Although the entire exhibit was magical, I was most fixated on the automat. I’ve had this postcard of an automat on 8th avenue photographed in 1938 in my possession for as long as I can remember. The automat was brought to New York in 1912 and lived on for many years after, up until 1991, when the last surviving automat closed its doors. Still, the magic has always thrived in my imagination. Although sometimes the dishes in automats were as simple as macaroni and cheese, my mom has always described the automat to me as food jewels on display behind glass windows- available for just a few cents. In the Lunch Hour NYC exhibit, they even built a replica of an automat and filled the windows with exact recipes of dishes that would have filled a real 1900s automat. As I pulled out one of the cards for pumpkin pie, an older gentlemen said to me: “people used to think that there were robots at work behind the windows. Few knew that there was a whole OZ-like kitchen behind the wall. Once in awhile you’d get a slice of pie and be met with a face of someone from the kitchen and it would be this big surprise.”  Interestingly, I later learned in the exhibit that the mystery of the kitchen was often left this way to keep up the face of the company (automats often hired women and minorities to work behind the wall and wanted to keep them hidden).

There is just so much  to say about the exhibit, which is why you must see it for yourself. And while you will absolutely learn a lot about the history of New York through food, (for example, did you know that “white bread” initially became popular because it was a way to visually detect mold?) more importantly, you will get to be alongside many people who actually lived through the history.   

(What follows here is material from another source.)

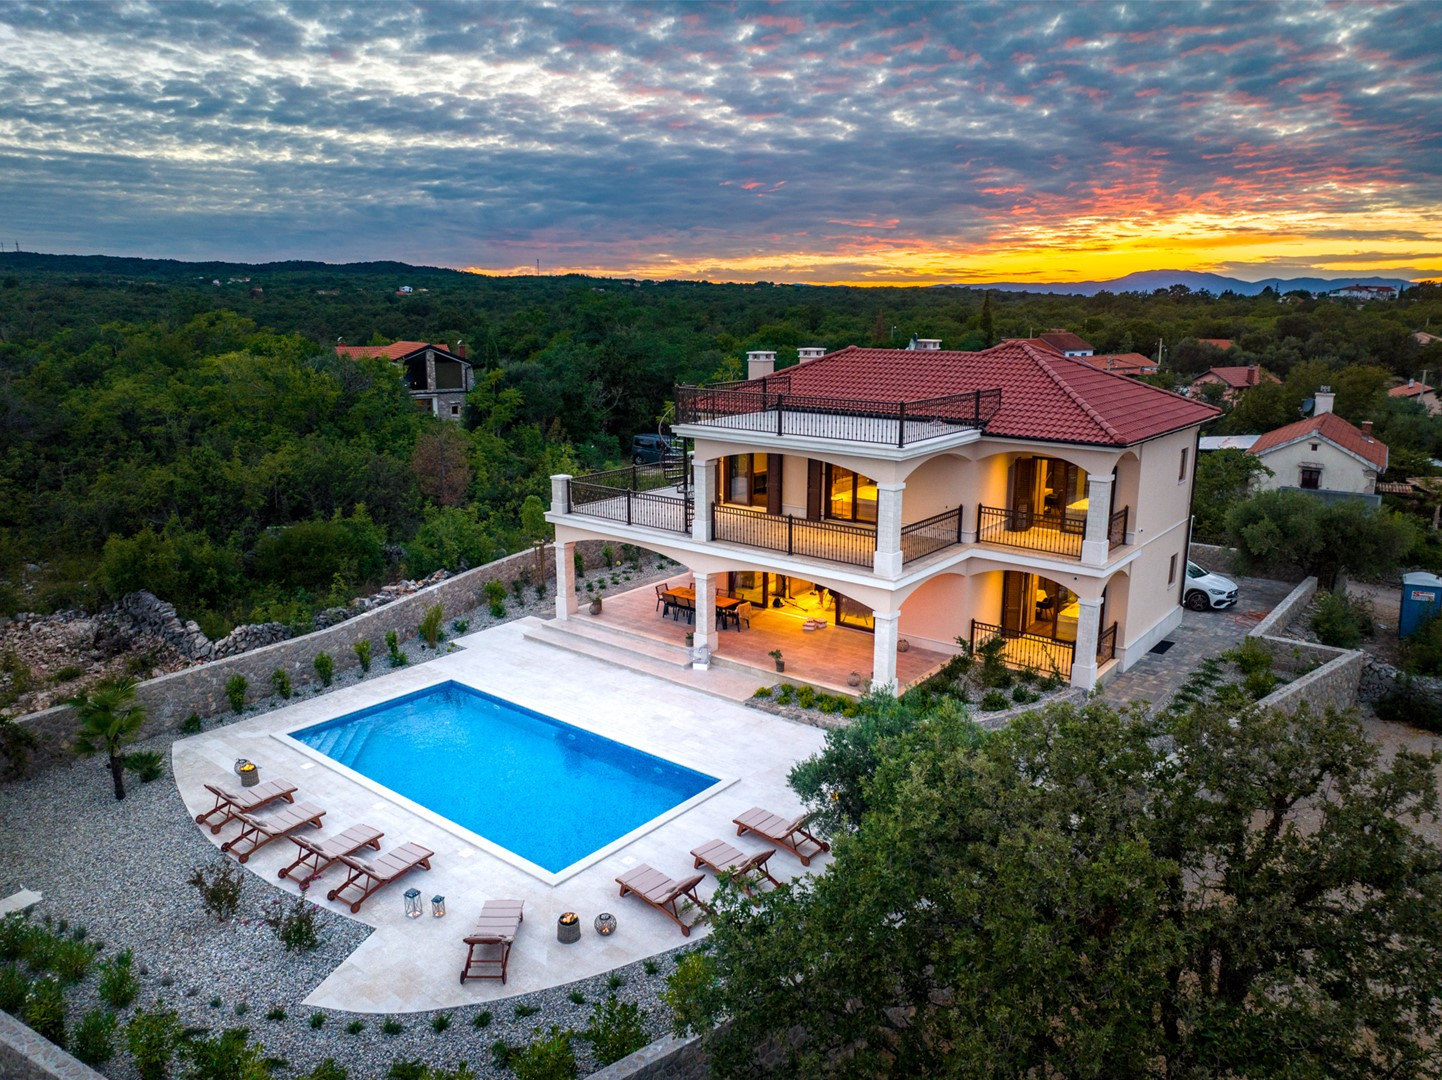 KRK LUXUSVILLEN - Luxusvilla Glabrova mit Pool, Sauna, privatem Garten und Parkplatz in Gostinjca auf der Insel Krk

The exhibit concludes with this photo series, taken all on April 22nd 2012, within the same time frame, across the five boroughs, of people having lunch at everywhere from Golden Krust to Bryant Park in New York. It’s such an interesting way to bring the exhibit full circle.  

Free advice: hangout with your grandparents more. They, like the women I encountered on the bus, have great advice and their sagacity will rub off on you. If you don’t have grandparents, I promise you, just hangout at Lunch Hour NYC; there are plenty of cool elderly people waiting to talk to you. The exhibit closes February 17, 2013. I’m getting hungry just thinking about it.